Erfolgt die Finanzierung der Sanierungsmaßnahmen teilweise durch die Aufnahme eines Kredits und teilweise durch Eigenmittel, so ist entweder ein Annuitätenzuschuss zur Stützung des aufgenommenen Kredits oder ein einmaliger Zuschuss möglich. Dem Förderungswerber steht das Wahlrecht zu.
Im Fall der Inanspruchnahme eines (Hypothekar-)Kredits darf der Kreditgeber (Teil-)Auszahlungen dieses Kredits nur nach gesonderter Zustimmung des Förderungswerbers durchführen.
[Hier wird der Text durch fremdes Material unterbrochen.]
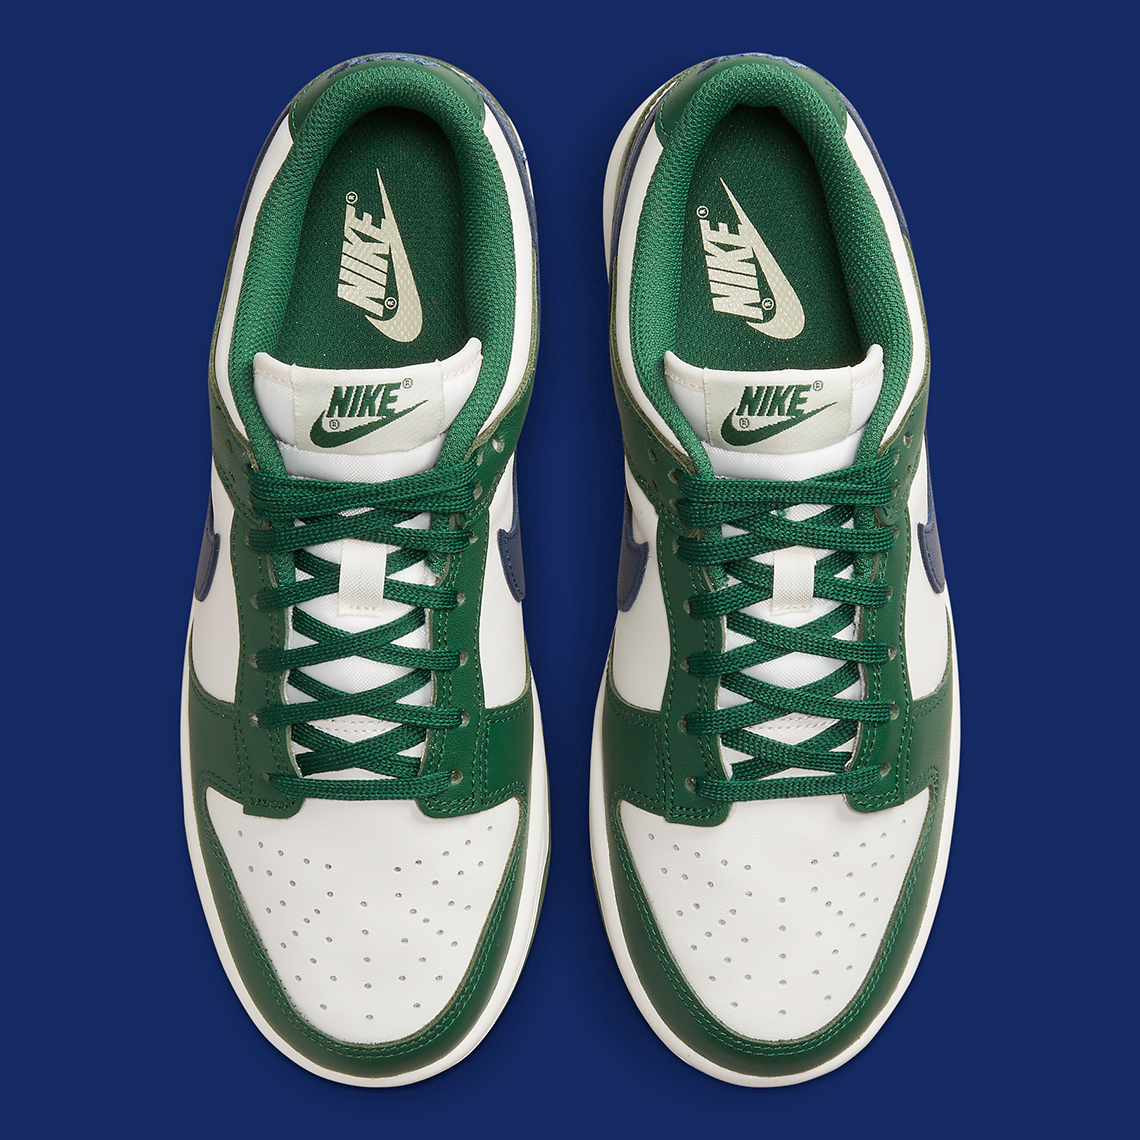 Nike SB has shown us lately that the Gorge Green Dd1503 300 2

Diese Zustimmung entfällt, wenn eine gemeinnützige Bauvereinigung von einer Wohnungseigentumsgemeinschaft mit der Durchführung der Sanierungsmaßnahmen beauftragt wird.
Eine Förderung wird nur gewährt, wenn das Land mit Zustimmung des Förderungswerbers in Verbindung mit der Einreichung eines Ansuchens oder der Abwicklung eines Vorhabens auch die Stellungnahme der jeweiligen Gemeinde oder Auskünfte anderer Institutionen (u.a. auch Auskünfte über das Einkommen bei der Finanzbehörde) einholen und erhalten kann.
Von der Förderung ausgeschlossen sind :
Wohnhäuser (Eigenheime), Wohnungen und Wohnheime, die nicht zur Befriedigung eines regelmäßigen Wohnbedürfnisses der Bewohner (als Hauptwohnsitz) bestimmt sind bzw. nicht dem unmittelbaren Wohnbedarf begünstigter Personen dienen (z.B. Ferien-, Vorsorgewohnungen, Pflegeheime ohne Wohnheimcharakter)
Wohnhäuser, die zu mehr als der Hälfte im Eigentum des Bundes oder des Landes stehen, außer der Wohnungsinhaber sucht um die Gewährung einer Förderung an.
Wohnhaussanierungsvorhaben, deren förderbare Kosten den Betrag von EUR 1.500,- nicht überschreiten, werden nicht gefördert.